Exercise
The task calls for the lines below from the line with "Barcelona jordan sneakers shoes" to the line with "Farmhouse Kitchen Decor", both ends included, copied exactly, without any pictures.

Records provided
* * * *
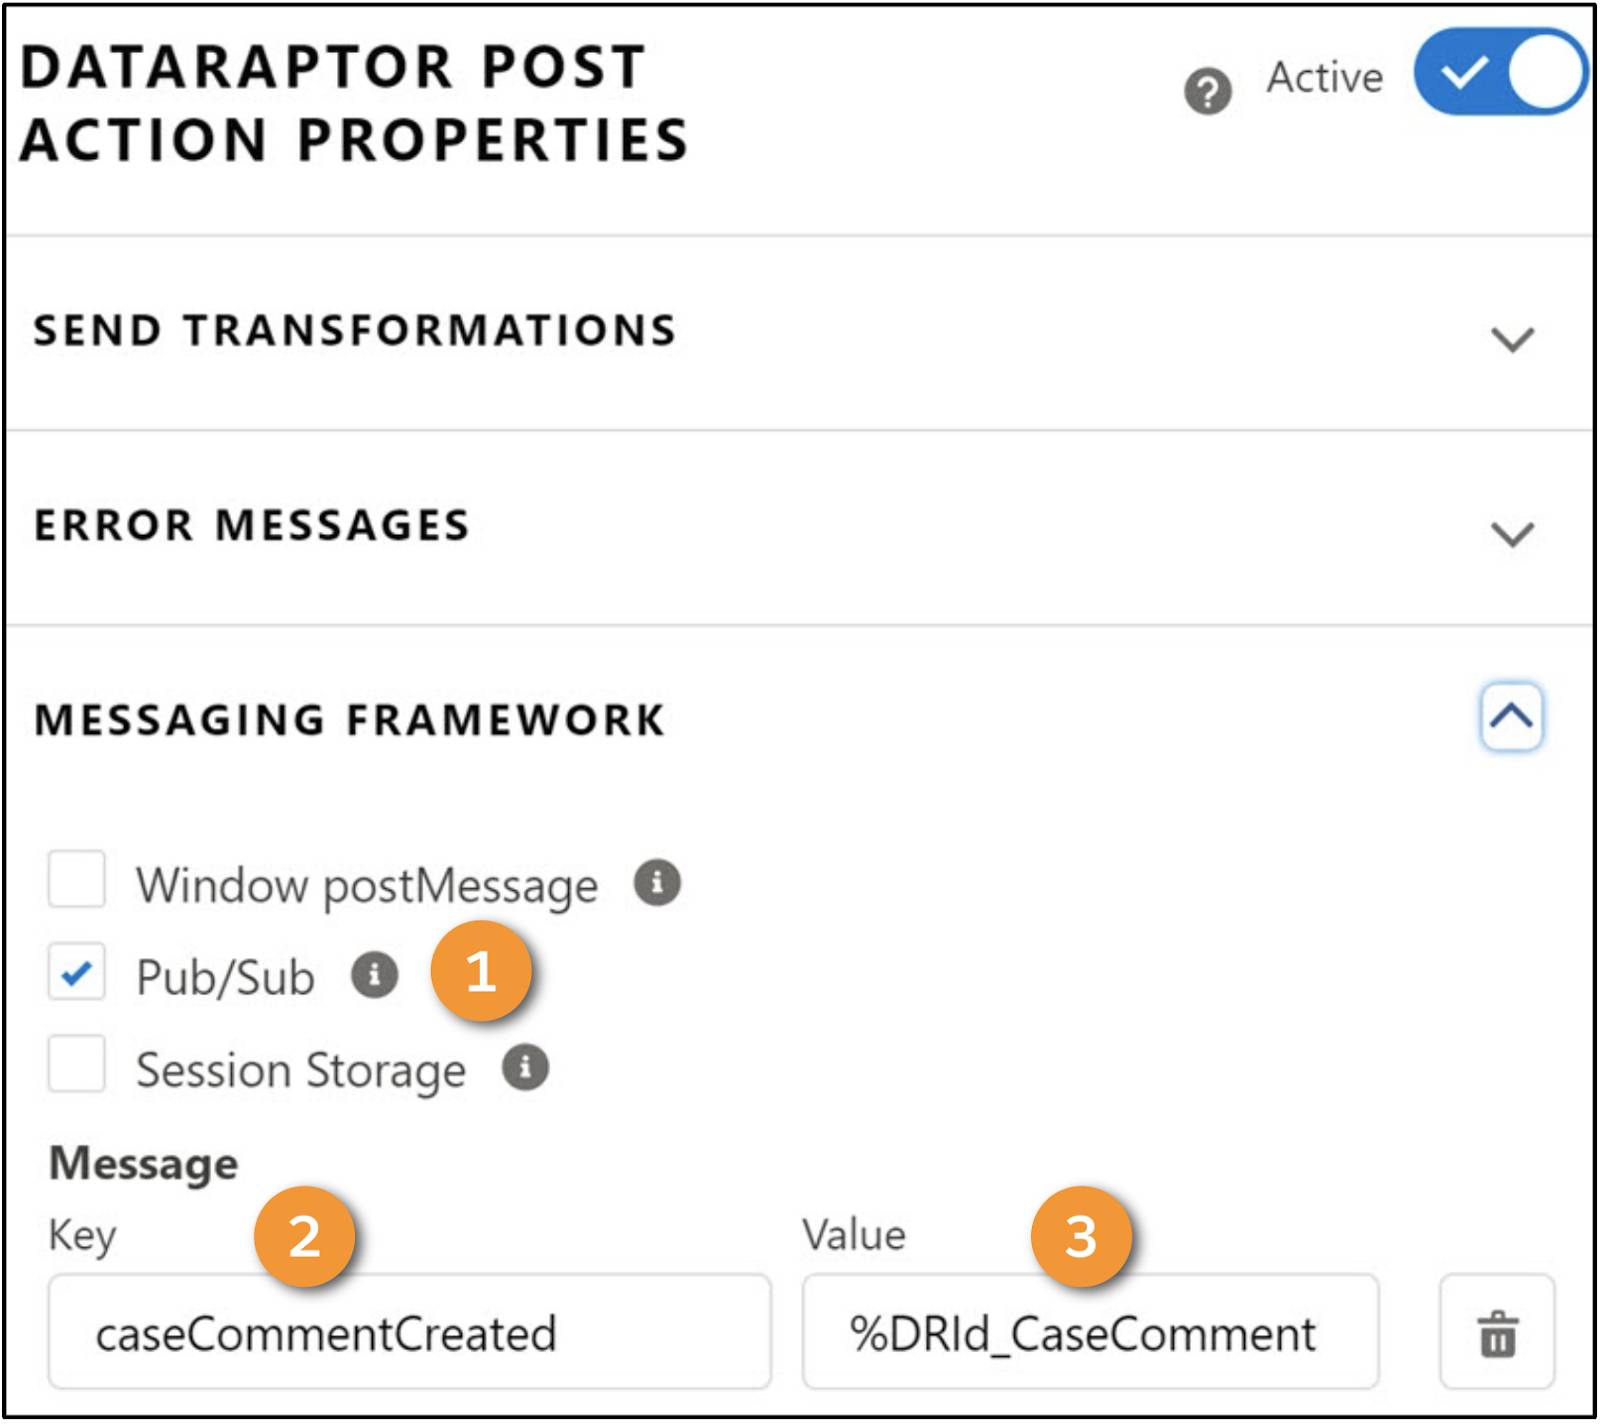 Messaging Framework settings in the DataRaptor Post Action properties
* * * *
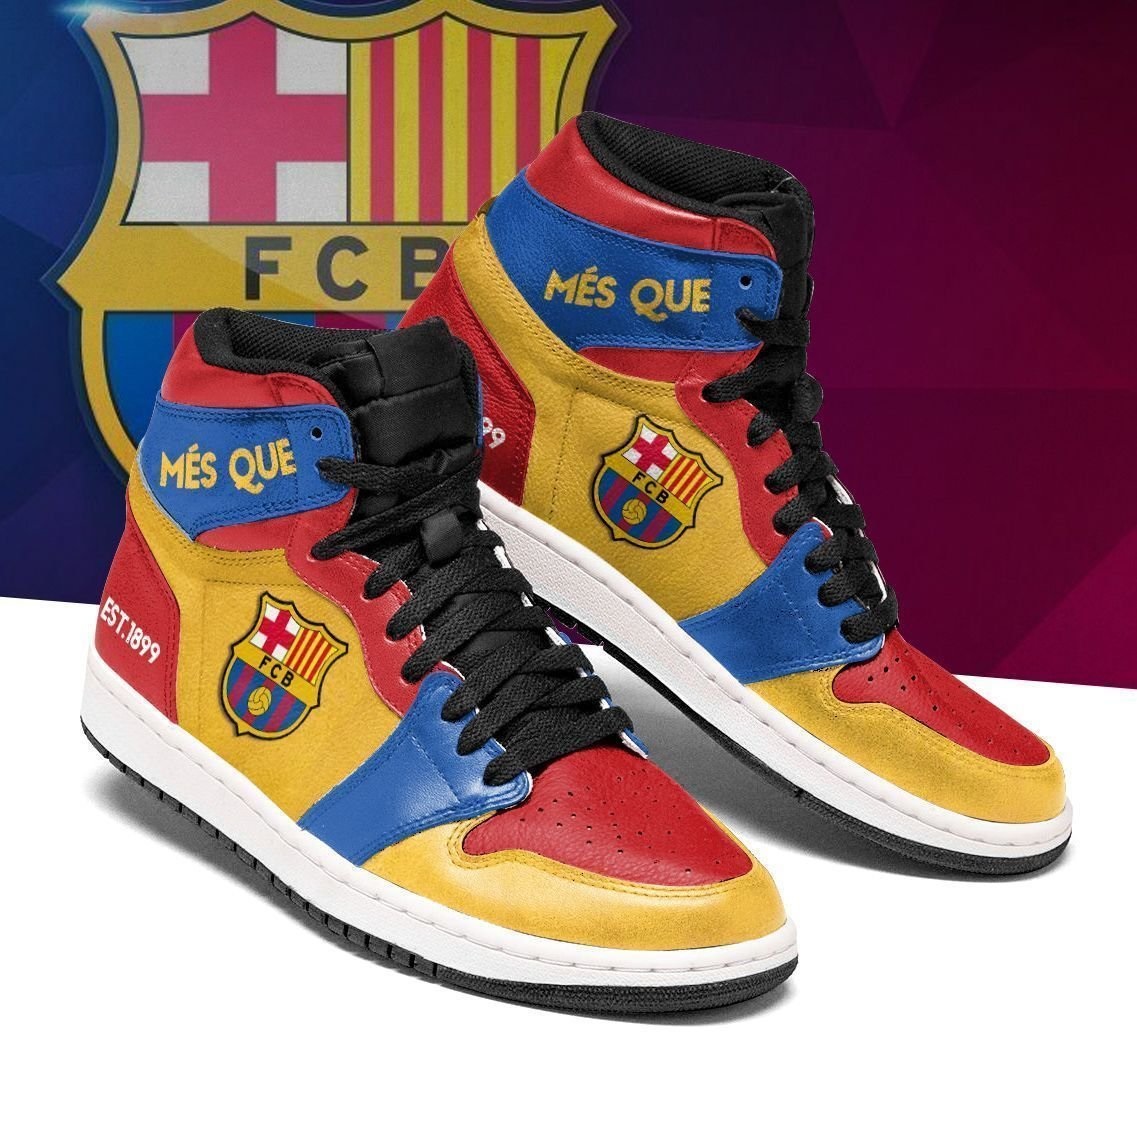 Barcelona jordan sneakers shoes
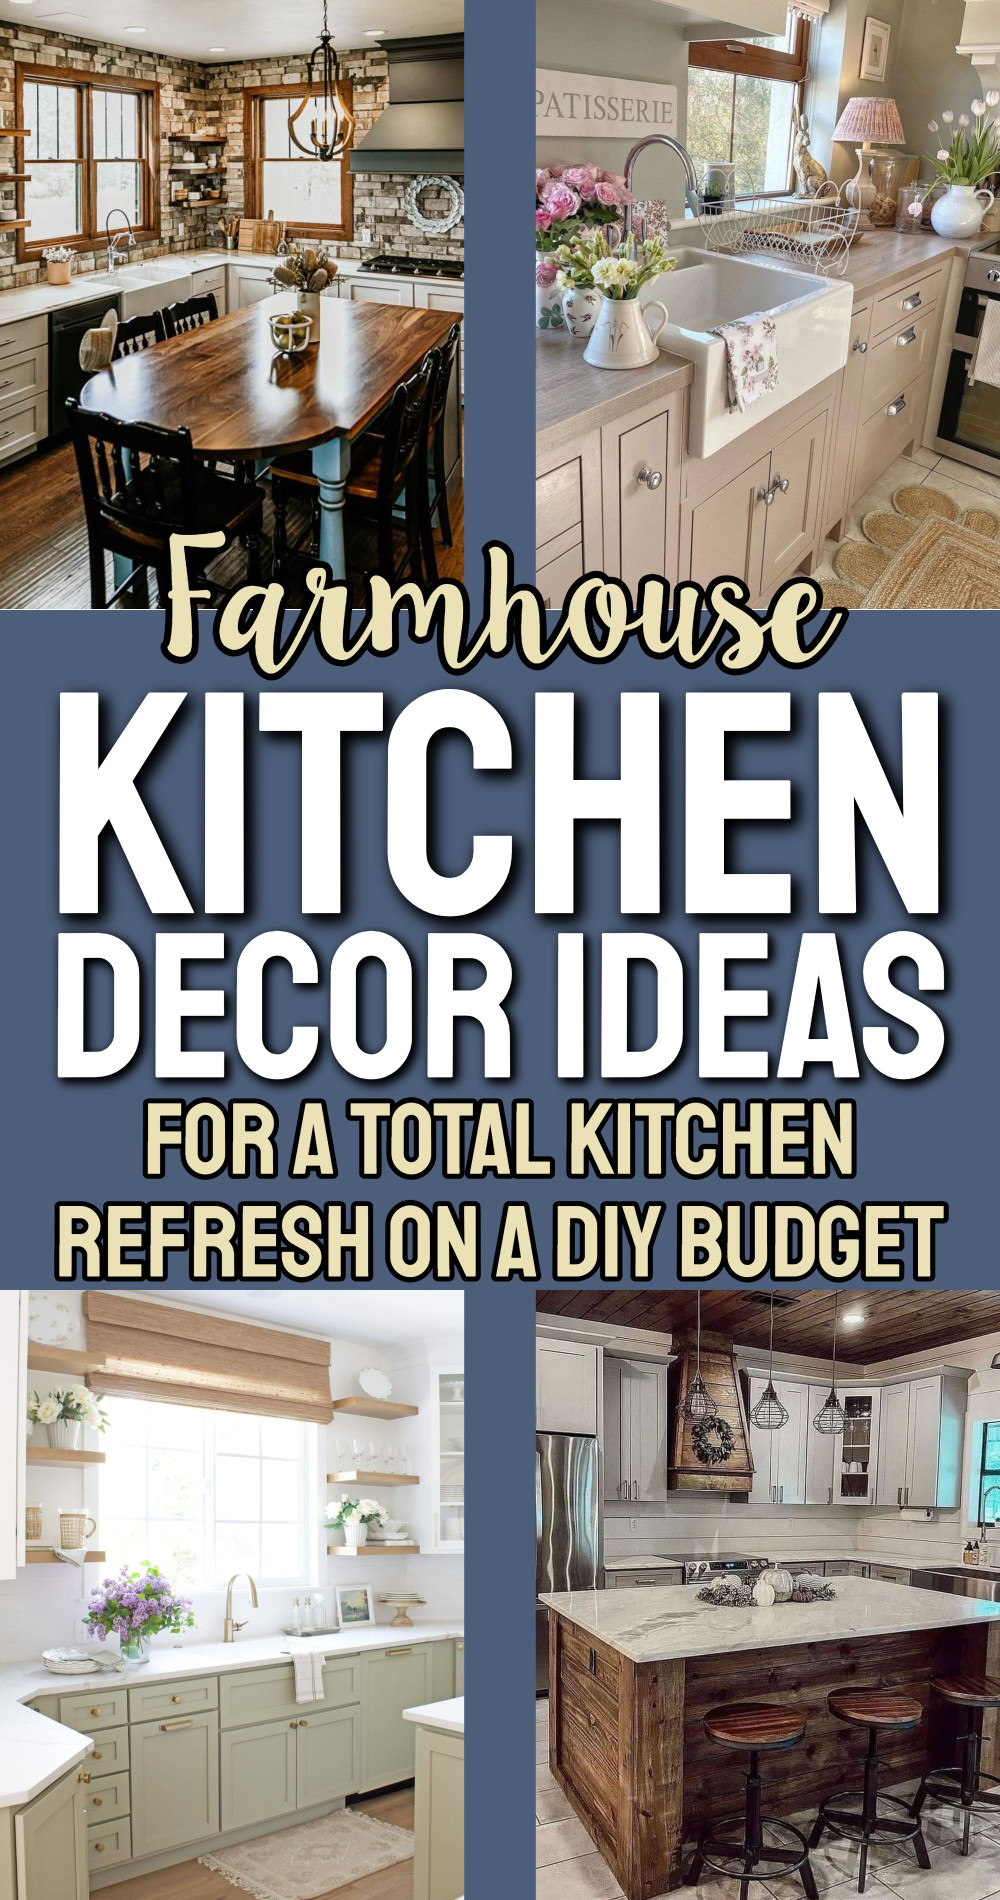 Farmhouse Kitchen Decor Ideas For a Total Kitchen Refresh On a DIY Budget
* * * *
Task answer
 Barcelona jordan sneakers shoes
 Farmhouse Kitchen Decor Ideas For a Total Kitchen Refresh On a DIY Budget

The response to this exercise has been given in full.